Task goal -> Repeat all of the data word for word so that only the pictures are missing from the copy.

Data below ->
═══

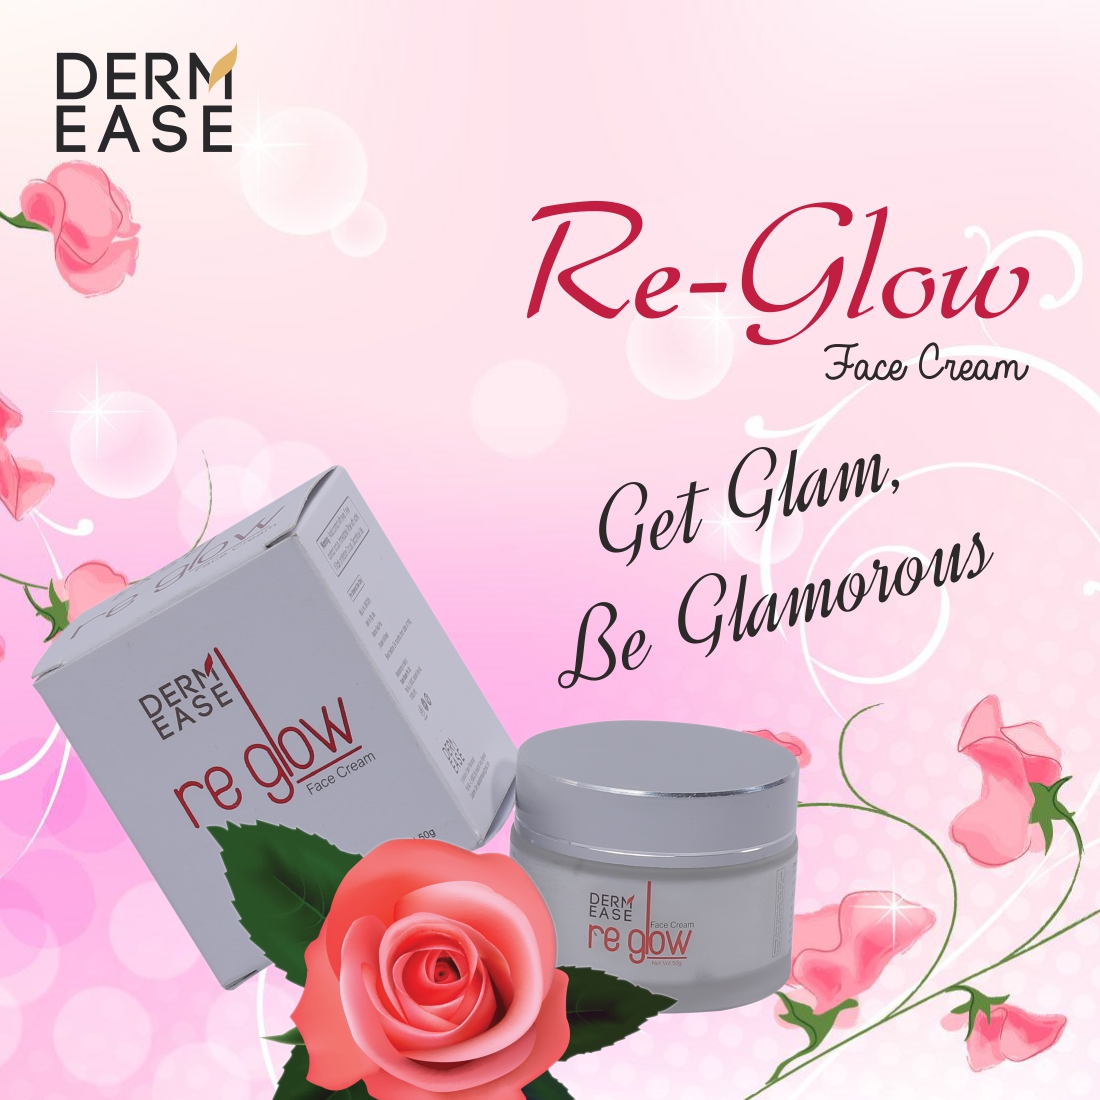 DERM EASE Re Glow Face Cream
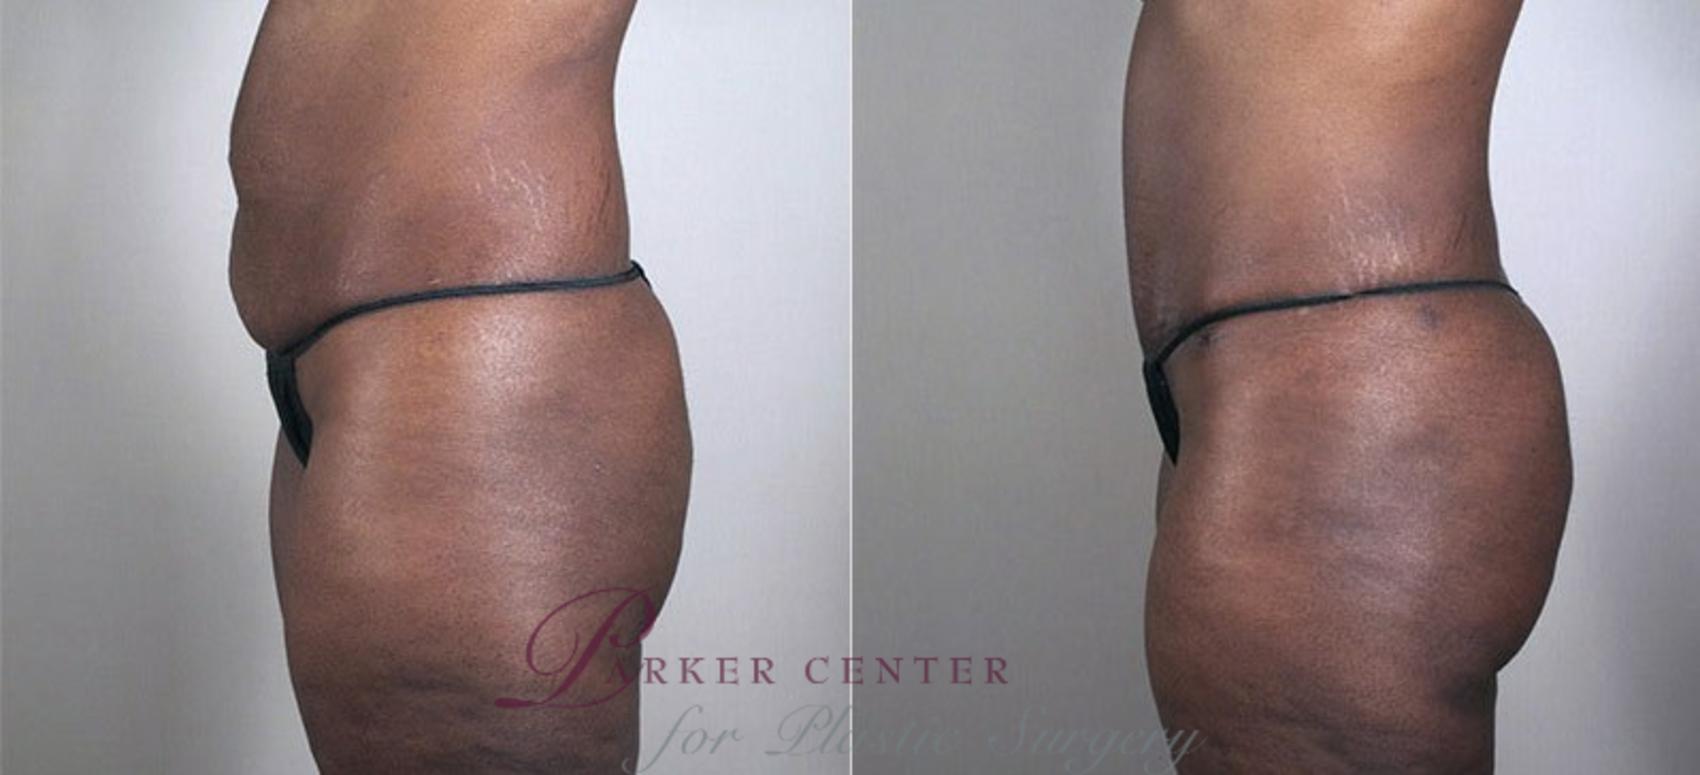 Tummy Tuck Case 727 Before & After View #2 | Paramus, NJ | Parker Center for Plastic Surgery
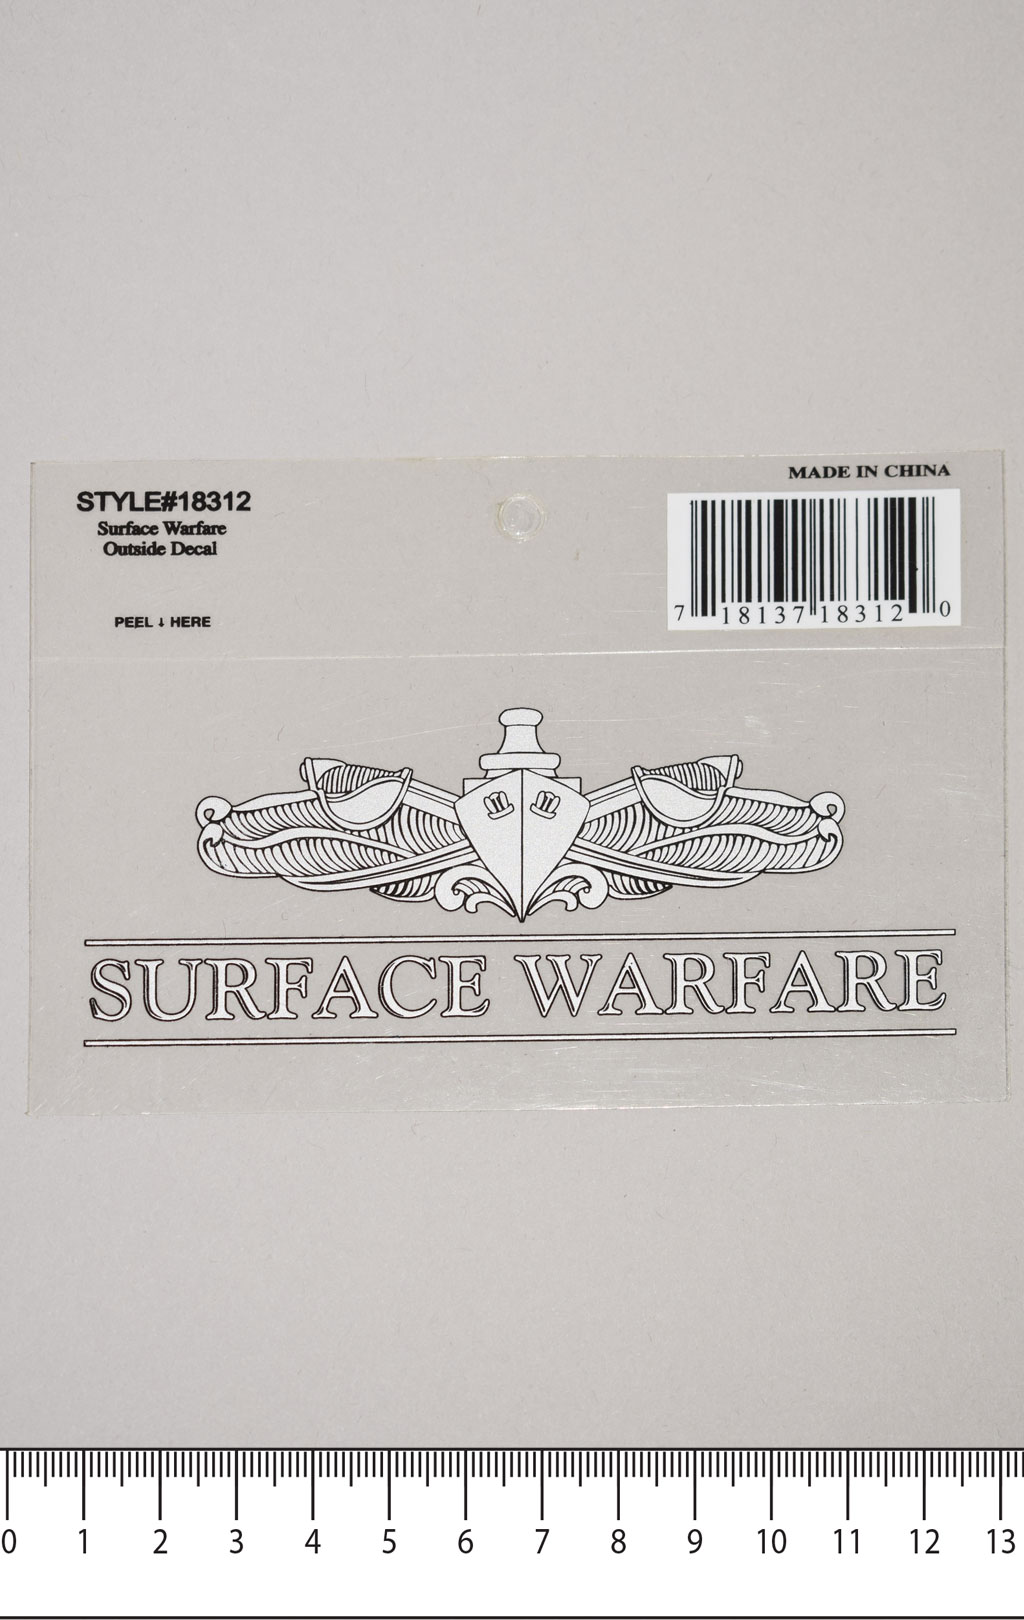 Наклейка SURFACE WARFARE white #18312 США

═══

Solution for this problem ->
 DERM EASE Re Glow Face Cream
 Tummy Tuck Case 727 Before & After View #2 | Paramus, NJ | Parker Center for Plastic Surgery
 Наклейка SURFACE WARFARE white #18312 США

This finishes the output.